Nicholas, tire a camisa, e você Xavier, faça o mesmo, agora! — Eu disse ao bater com a vara no chão, para que eles compreendessem que a punição era séria.

Como? — Perguntaram-me com medo. Eles são mentalmente retardados ou algo assim?

— Sabe, meu talheres valem mais para mim do que vocês podem imaginar – Eu disse severamente.

Lamento, Mr. Hoffman — Xavier disse com uma onda de medo. Eu não o ouvi e preparei-me para puni-los, um par de golpes seria suficiente.

— As Desculpas não funcionarão jovem. Eu irei puni-los e tirarei o desejo de brincar com objetos que não são seus. — Eu falei ao pegar o meu chicote de couro marrom, que estava na gaveta do meio da minha mesa.

—NÃO, POR FAVOR! — Eles disseram em uníssono, eu não ouvi. O primeiro golpe era algo leve e destinava-se a Xavier, este gritou como se eu tivesse arrancado a pele dele com uma faca.

Seu exagero me fez mais irritado e me fez desencadear mais 5 golpes, desta vez com mais força.

Então, me dirigi á Nicholas que, com seu sotaque alemão, pediu-me para não bater. Isso nunca iria acontecer, mas eu sabia que não era verdade.

Talvez eu sentisse pena deles. Ou talvez não.

Venha aqui e se ajoelhe! — Eu pedi ao menino enquanto apertava o chicote na mão direita fazendo-o ranger.

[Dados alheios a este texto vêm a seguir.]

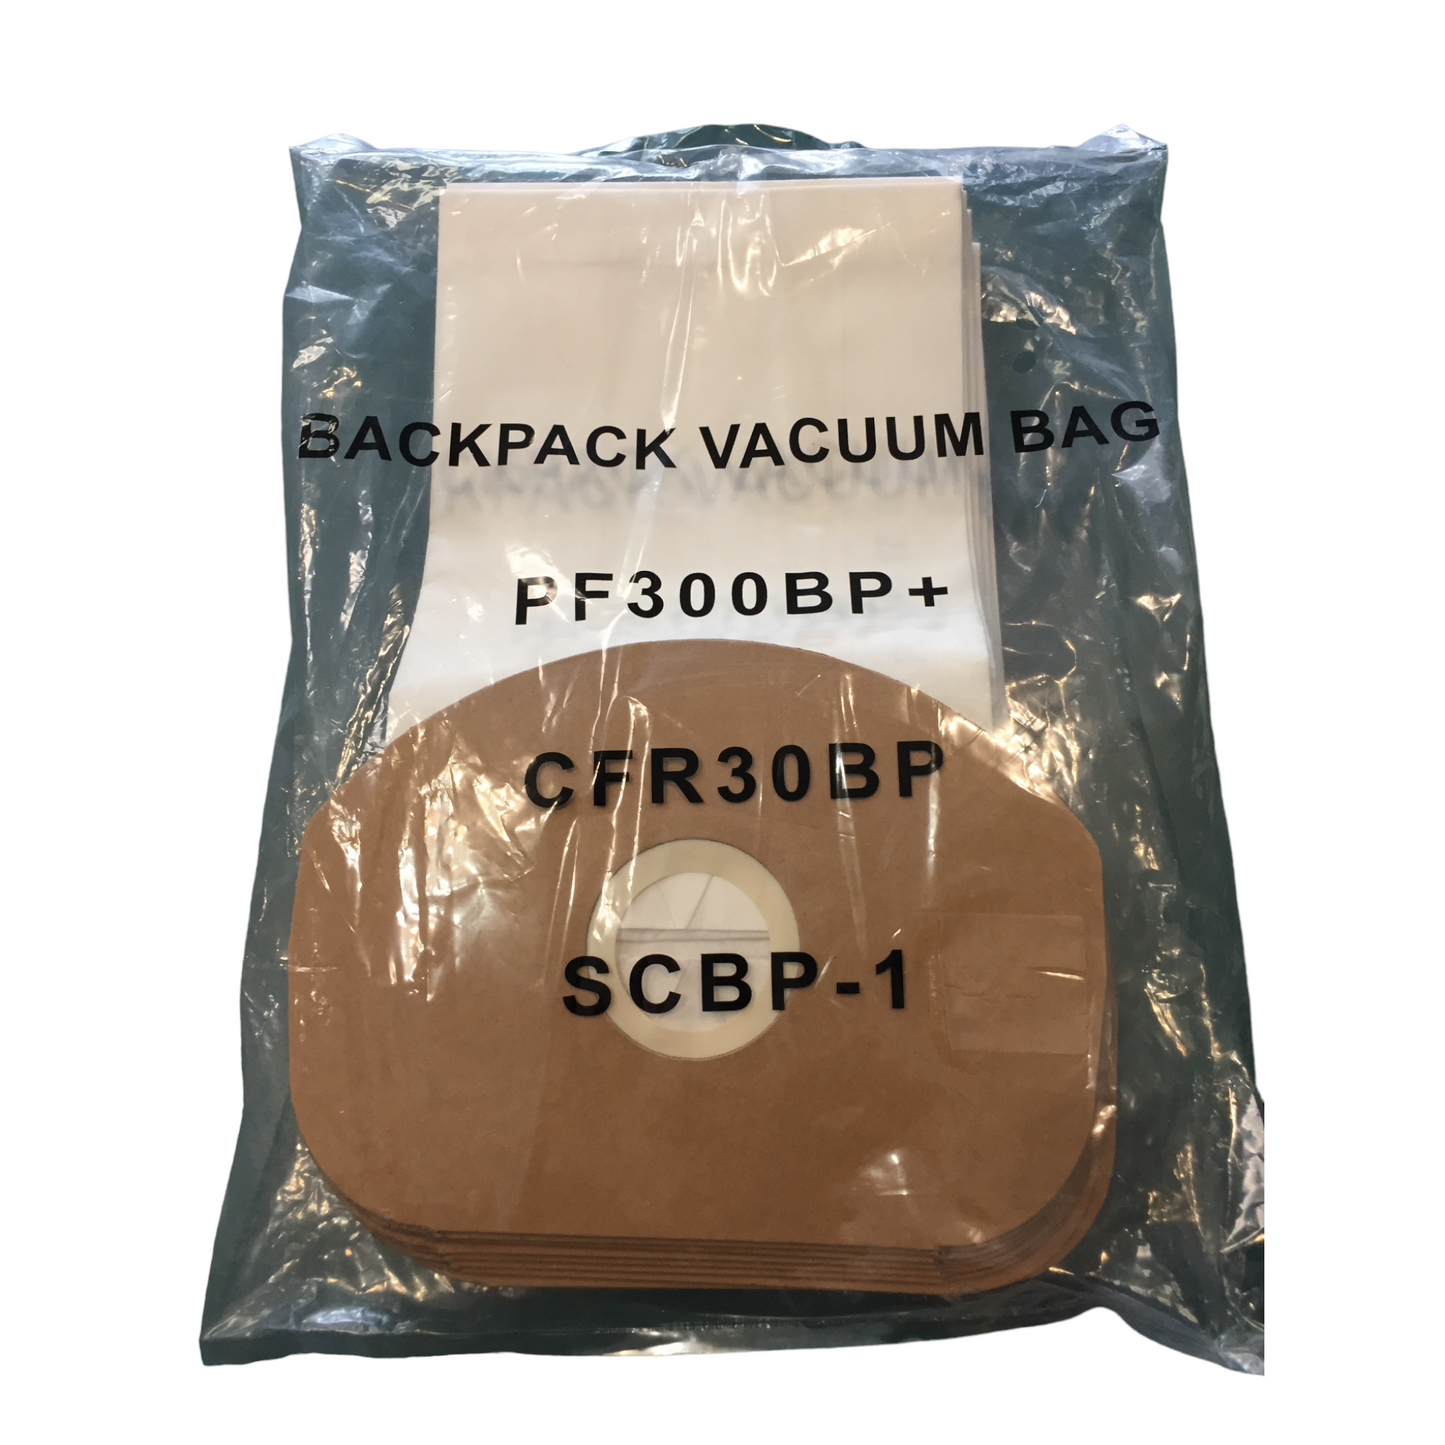 Carpet Pro Replacement Backpack Vacuum Bags - 10 Pack

— Por favor, não! — Responde ele com medo.

— Venha! — Eu gritei quando retirei a sua camisa pela força e obriguei-o a se ajoelhar. Dei a volta, observando-o, enquanto ele tremia de medo ao ver meus sapatos limpos e brilhantes e se recusava a olhar nos meus olhos.

(Chaz, chaz, Chaz) —AAGH! — Ele gritou de dor— Você não vai portar-se mal novamente, certo? —

Não Mr. Hoffman. Não! — Ele dizia enquanto soluçava.

Não acredito em você! — Eu respondi ao chicotear os dois ao mesmo tempo (Chaz, chaz, Chaz) O meu chicote cantava um doce ritmo nas costas dos canalhas, um de cada vez, enquanto eu observava na sua pele branca, a marca do meu castigo.

— Perdoe-me! — Xavier gritou enquanto ele se contorcia no chão e chorava.

Pare de choramingar! Você não é homem? Aprenda com Nicholas, ele não reclama como uma menina chorona como você. Manteiga derretida — Eu falei ao dar 6 chicotadas extras.

Notei que ele me olhou com lágrimas nos olhos cheios de tanto medo. Cheio de dor e arrependimento ... O que me causou um prazer que eu nunca senti antes. Nem mesmo com Clara, ao espancá-la ou dormir ao lado dela.

Sua pele já estava sendo coberta por meus golpes e até mesmo estavam sangrando um pouco, para evitar que outras aves de rapina me ouvissem e que o meu tempo de diversão acabasse tão cedo, eu aumentei ainda mais o volume do gira-discos.

Foi extremamente agradável fazê-los chafurdar de dor perante minha presença; eu deveria me sentir extremamente chateado, mas pelo contrário, eu estava esperando para fazê-lo. Para desabafar a minha frustração.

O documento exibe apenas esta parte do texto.